Она чувствовала, как у Бэррона закипает кровь в ее присутствии. У него был короткий фитиль, и Мейси сочла разумным затоптать его, пока бочка с порохом не взорвалась.
— Расскажи мне еще что-нибудь об острове, — попросила она.
Бэррон рассказал ей, что остров Датч — кое-кто до сих пор называет его Убежищем — всегда находился в ведении департамента полиции Портленда, несмотря на то, что был одним из самых отдаленных в заливе Каско. Датч был не единственным местом, где требовалось полицейское присутствие, но, пожалуй, самым негостеприимным. Большинству портлендских копов вообще не приходилось бывать там. Там был один постоянный полицейский и пара других, работающих посменно. На другой остров, безопасность на котором тоже обеспечивал департамент, остров Пиков, двое полицейских отправлялись на лодке каждый день. Но, когда лодка направлялась на остров Датч, на борту, как правило, был только один блюститель порядка.
— Почему у него два названия?
— Чтобы все об этом постоянно спрашивали, — хмыкнул Бэррон. — Но, поверь мне, ничего интересного там нет. Что еще ты хочешь узнать?
— Какой он? — спросила Мейси.
— Кто?
— Ну, Дюпре. Какой он?
— Джо-Меланхолия? — Бэррон презрительно щелкнул языком. — Он придурок.
— Говорят, он великан. В смысле настоящий великан. Как в цирке, или как тот борец, который умер недавно.
— Великан Андре. Нет, Джо не так велик, как Андре. Но все равно он большой сукин сын. И сильный. Никто не шутит с Джо-Меланхолией.

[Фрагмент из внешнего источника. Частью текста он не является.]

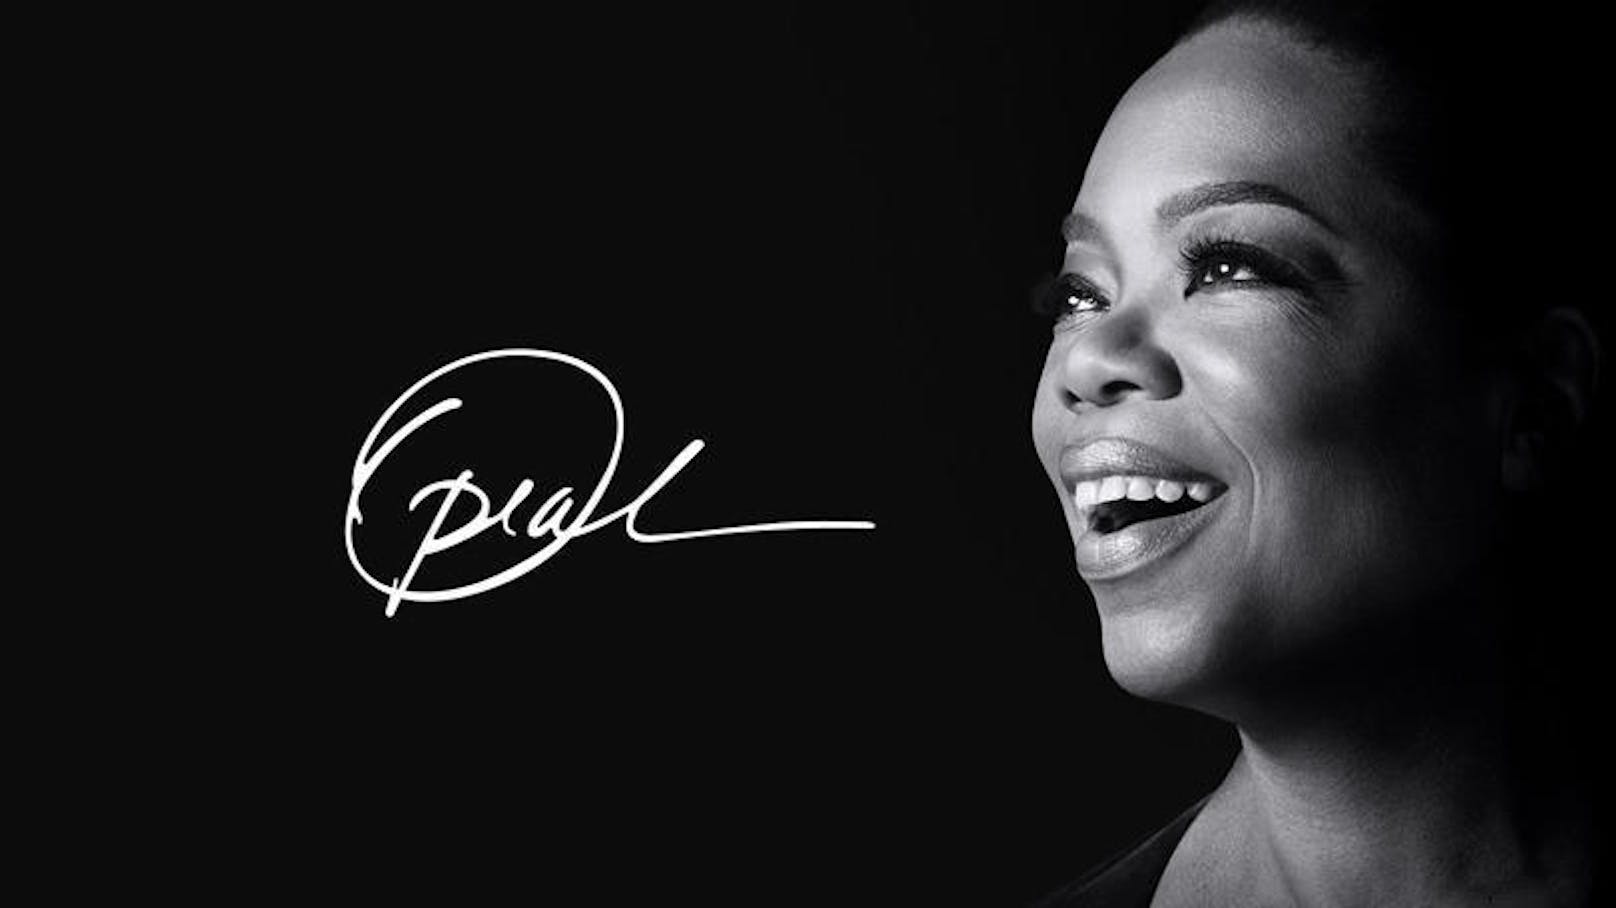 Oprah Winfrey erhält auf Apple TV+ ein Format, in dem sie mit den überzeugendsten Autoren der Welt spricht, während sie eine lebendige, globale Buchclub-Gemeinschaft und andere Projekte aufbaut, um sich mit Menschen auf der ganzen Welt zu verbinden und sinnvolle Wege zu teilen, um positive Veränderungen zu bewirken.

— Почему его так называют?
— Потому что он ничтожный ублюдок — вот почему. Особо не разговаривает, весь в себе. Лучше захвати с собой на остров побольше книг, потому что вряд ли тебе удастся развлечь себя разговорами с Джо.
— А ты бывал там?
— Один раз, когда половина личного состава слегла от гриппа. Не могу сказать, что у меня остались какие-то незабываемые воспоминания, связанные с этим местом. Джо Дюпре тоже не особо меня волновал.

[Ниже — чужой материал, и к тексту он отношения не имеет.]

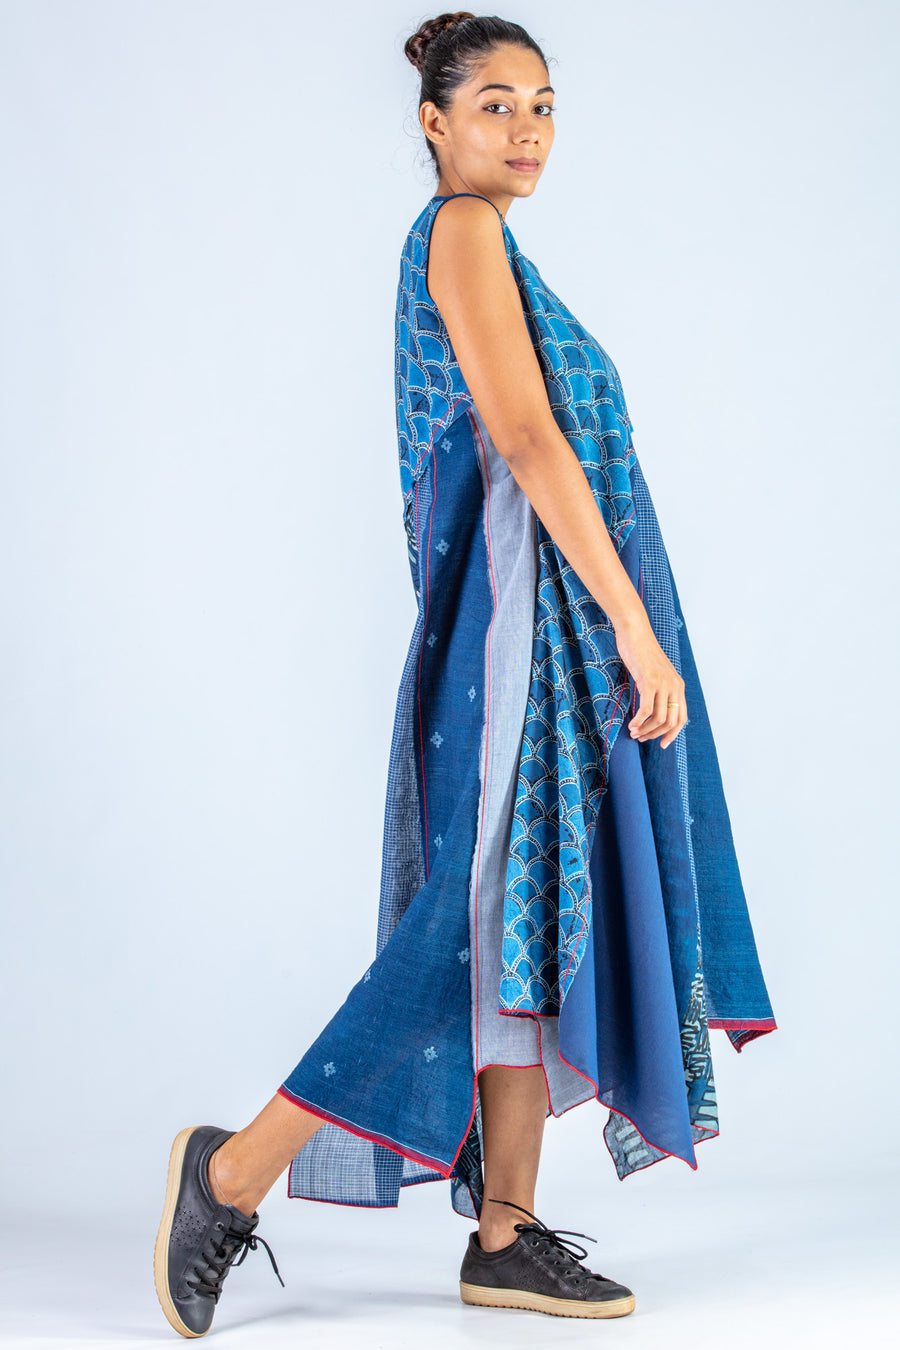 Indigo Upcycled Dress - NAISHA - Upasana Design Studio

«Готова поспорить, что это чувство было взаимным», — подумала Мейси, но вслух сказала:
— Наверно, жизнь там протекает спокойно.
— Да там вообще тишь да гладь. Скучающие подростки угоняют машины, вламываясь в летние домики. Типичные мелкие правонарушения. С ними справляется местная полиция.
— Но не всегда.
— Ты это о чем? — спросил Бэррон.
— Кто-то говорил...
— Кто?
— Не помню. Он сказал, что Джо Дюпре однажды убил человека на острове.
Бэррон снова прищелкнул языком.
— Да, он убил одного из братьев Любей. Если бы он был чуть порасторопней, тогда, может быть, нога его напарника не была бы нашпигована крупной дробью. Любей был пьян в стельку, когда Дюпре и Снеговик приехали...
— Снеговик?
— Ну да. Дурацкое прозвище, да он и сам дурак. Если бы дробь попала ему в голову, он бы, наверно, пострадал меньше. Ну, не важно. Они с Дюпре приехали, Снеговик получил свою порцию дроби, и Дюпре убил Рона Любея. Джо-Меланхолию сняли со службы на некоторое время, но расследование показало, что его действия были оправданными. Вот и все. Никто не оплакивал Рона горькими слезами. Его брат все еще живет на острове. И он ненавидит Дюпре так, как дерево ненавидит огонь.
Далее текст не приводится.